Through the above description of the embodiments, those skilled in the art will clearly understand that the method of the above embodiments can be implemented by software plus a necessary general hardware platform, and certainly can also be implemented by hardware, but in many cases, the former is a better implementation manner. Based on such understanding, the technical solutions of the present invention may be embodied in the form of a software product, which is stored in a storage medium (such as ROM/RAM, magnetic disk, optical disk) and includes instructions for enabling a terminal device (such as a mobile phone, a computer, a server, an air conditioner, or a network device) to execute the method according to the embodiments of the present invention.
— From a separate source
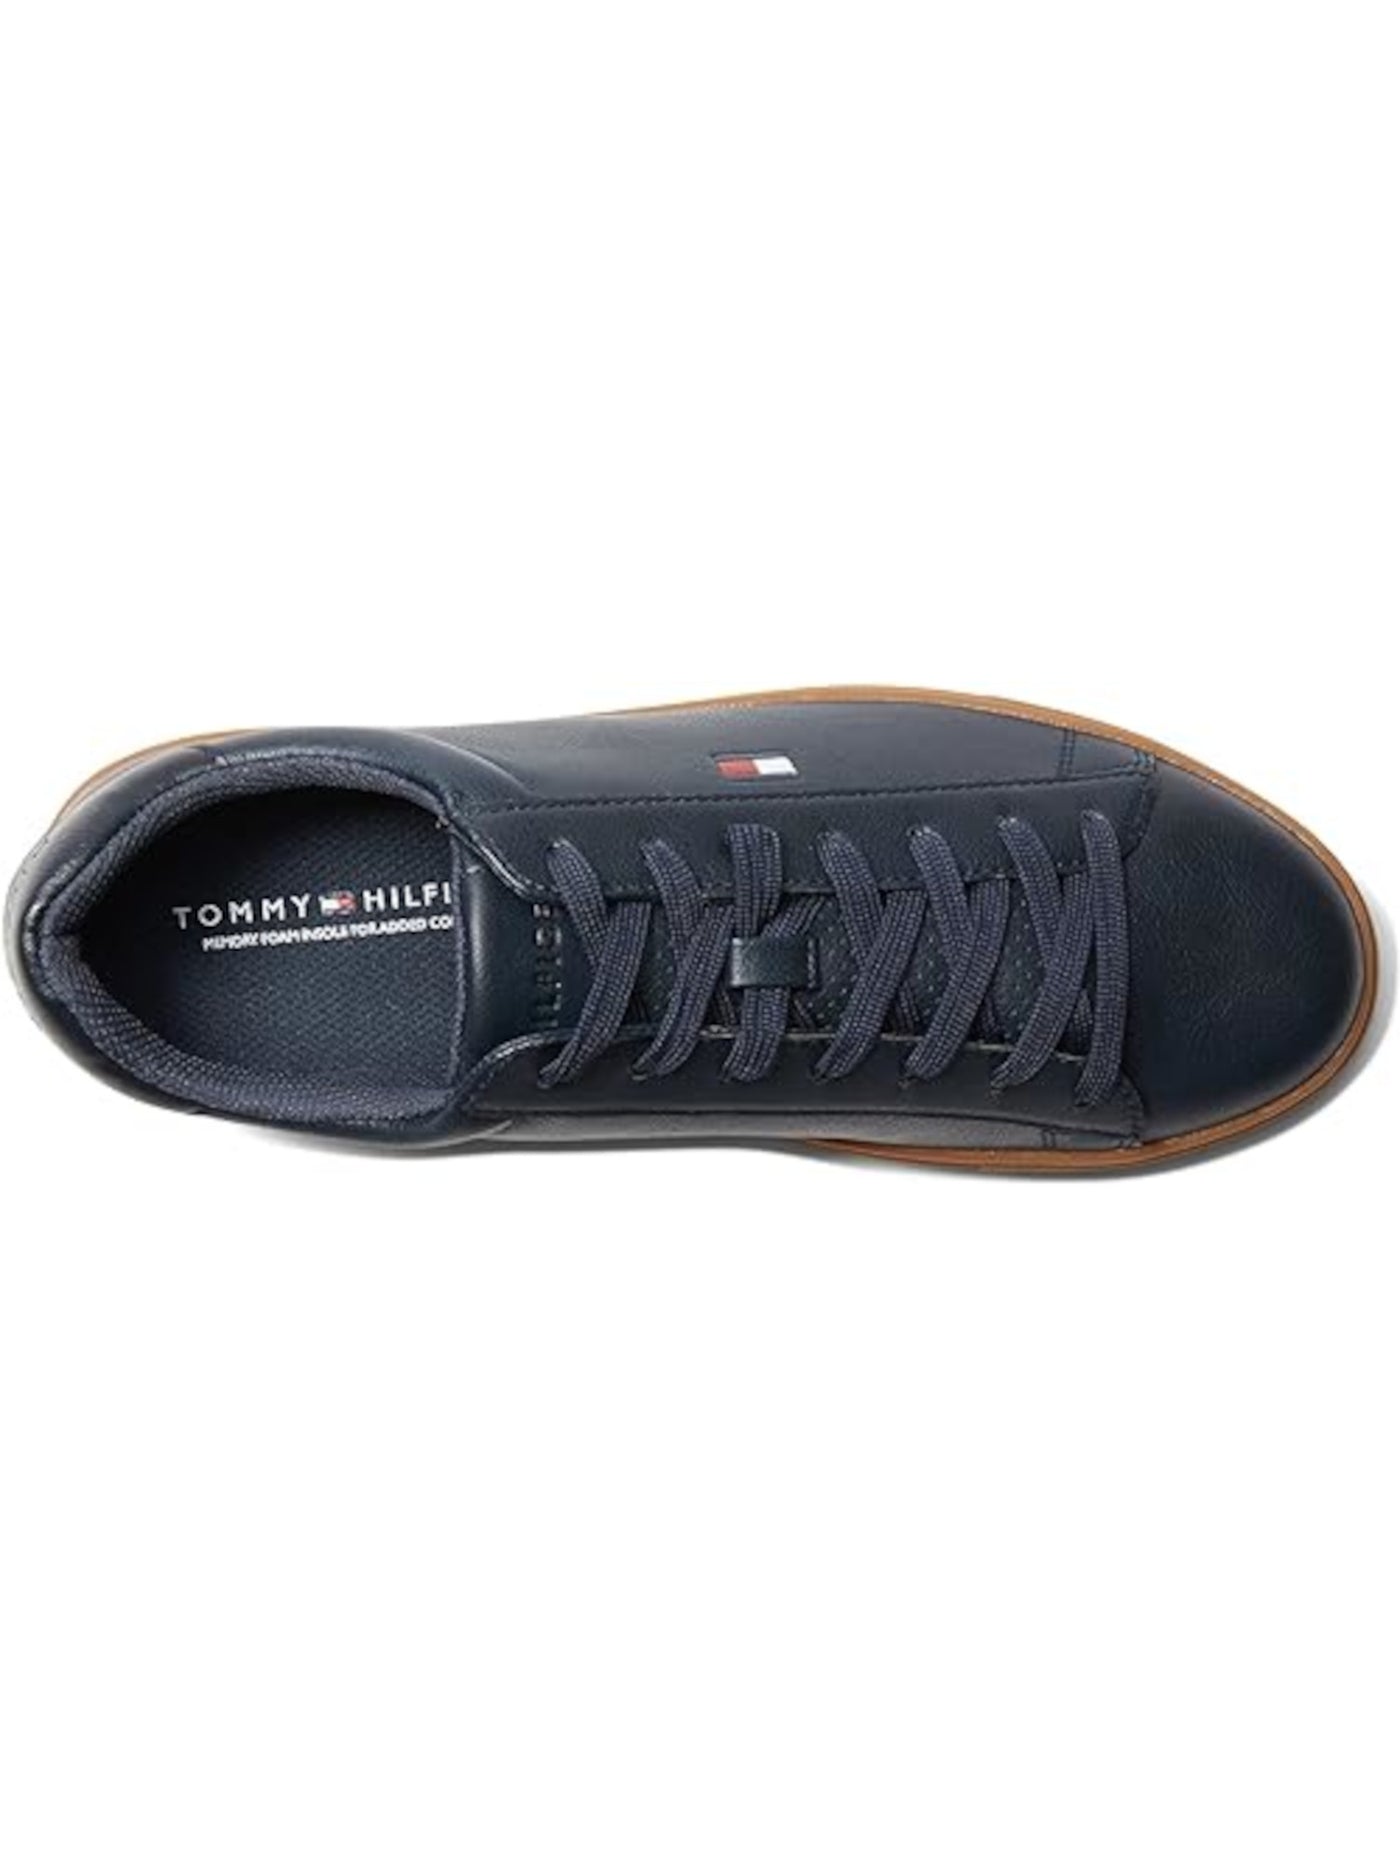 TOMMY HILFIGER Mens Navy Cushioned Brecon Round Toe Lace-Up Sneakers Shoes 11.5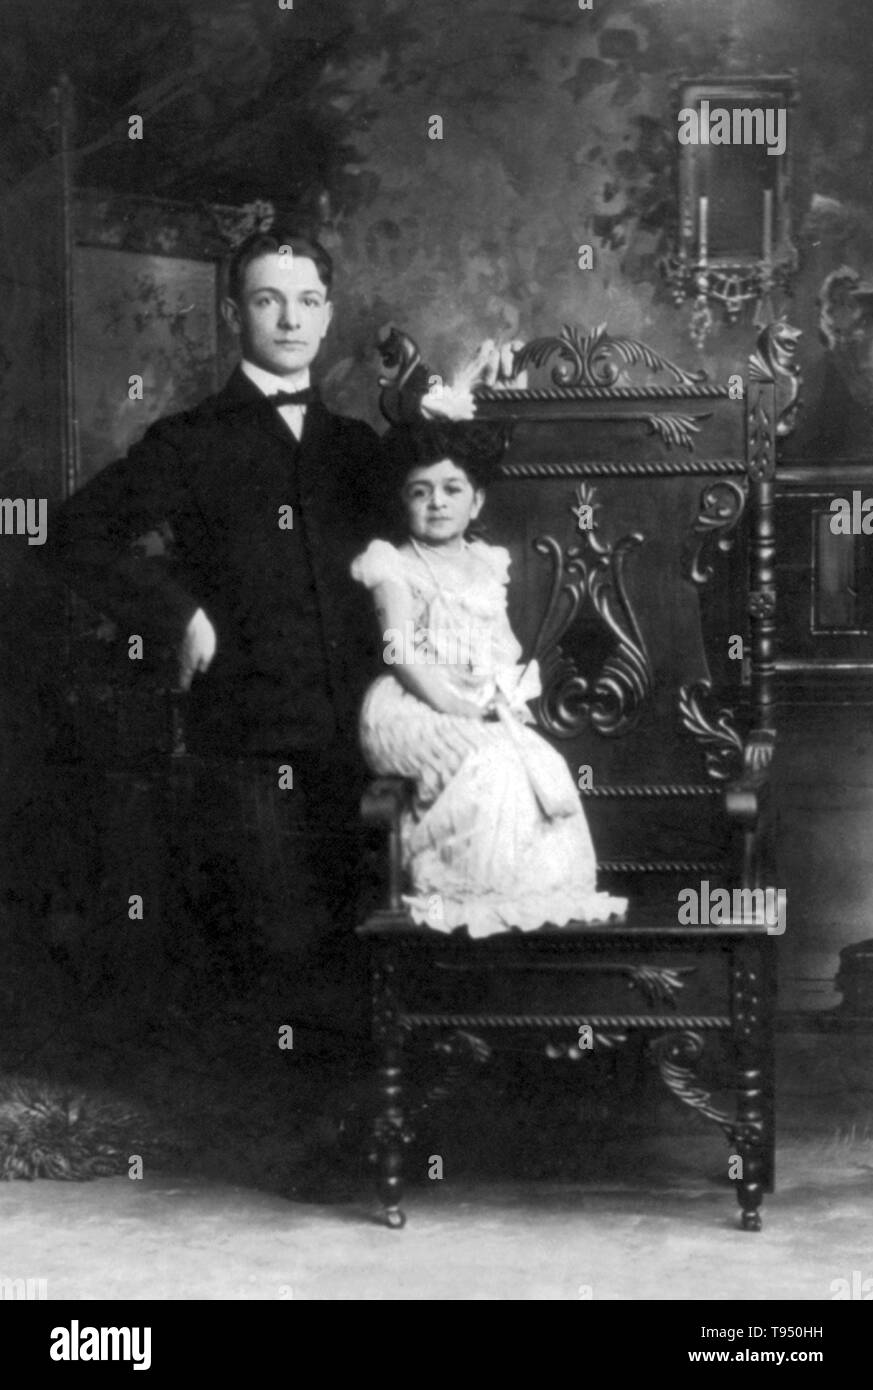 Entitled: 'Mrs. Anthony C. Woeckener of Erie, Pennsylvania, better known as Chiquita, The Doll Queen' seated on arm of chair, with a normal size young man standing alongside. Chiquita, The Doll Queen was born in either Cuba or Mexico. She was an entertainer with the traveling Bostock-Ferari Carnival. Some suspect her 1901 marriage at age 31 to 17 year old Woeckener was done for publicity. Chiquita was a hit at the Pan-American Exposition in 1901. Stock Photo

The above description is only a preferred embodiment of the present invention, and not intended to limit the scope of the present invention, and all modifications of equivalent structures and equivalent processes, which are made by using the contents of the present specification and the accompanying drawings, or directly or indirectly applied to other related technical fields, are included in the scope of the present invention.

Claims

1. A training method for recognition models is characterized by comprising the following steps:

2. The training method of the recognition model according to claim 1, wherein the recognition model is a character recognition model, and the step of constructing the simulation image according to the image to be trained comprises:

3. The method for training the recognition model according to claim 2, wherein the step of obtaining the label words corresponding to the image to be trained and generating the target corpus containing the uncommon words according to the label words comprises:

4. The method for training recognition models according to claim 2, wherein the step of determining the uncommon word corresponding to the original corpus further comprises:

5. The method for training the recognition model according to claim 2, wherein the step of obtaining the background image corresponding to the image to be trained and constructing and obtaining the simulation image according to the target corpus and the background image comprises:

6. The method for training a recognition model according to claim 5, wherein the step of embedding the target text string in the form of the simulated font into the corresponding background image to construct a simulated image comprises:

7. The training method of the recognition model according to claim 1, wherein the step of obtaining the recognition model through the generation countermeasure network and the recognition network training in the preset neural network model based on the training data set comprises:

8. The method for training a recognition model according to any one of claims 1 to 7, wherein the recognition model is an Optical Character Recognition (OCR) recognition model, and the step of training the generated countermeasure network and the recognition network in the preset neural network model based on the training data set further comprises:

9. A training apparatus for recognizing a model, comprising:

the acquisition module is used for acquiring an image to be trained;

10. A training apparatus for recognition models, characterized in that the training apparatus for recognition models comprises a memory, a processor and a training program for recognition models stored on the memory and executable on the processor, the training program for recognition models, when executed by the processor, implementing the steps of the training method for recognition models as claimed in any one of claims 1 to 8.

11. A computer-readable storage medium, characterized in that the computer-readable storage medium has stored thereon a training program of a recognition model, which when executed by a processor implements the steps of the training method of a recognition model according to any one of claims 1 to 8.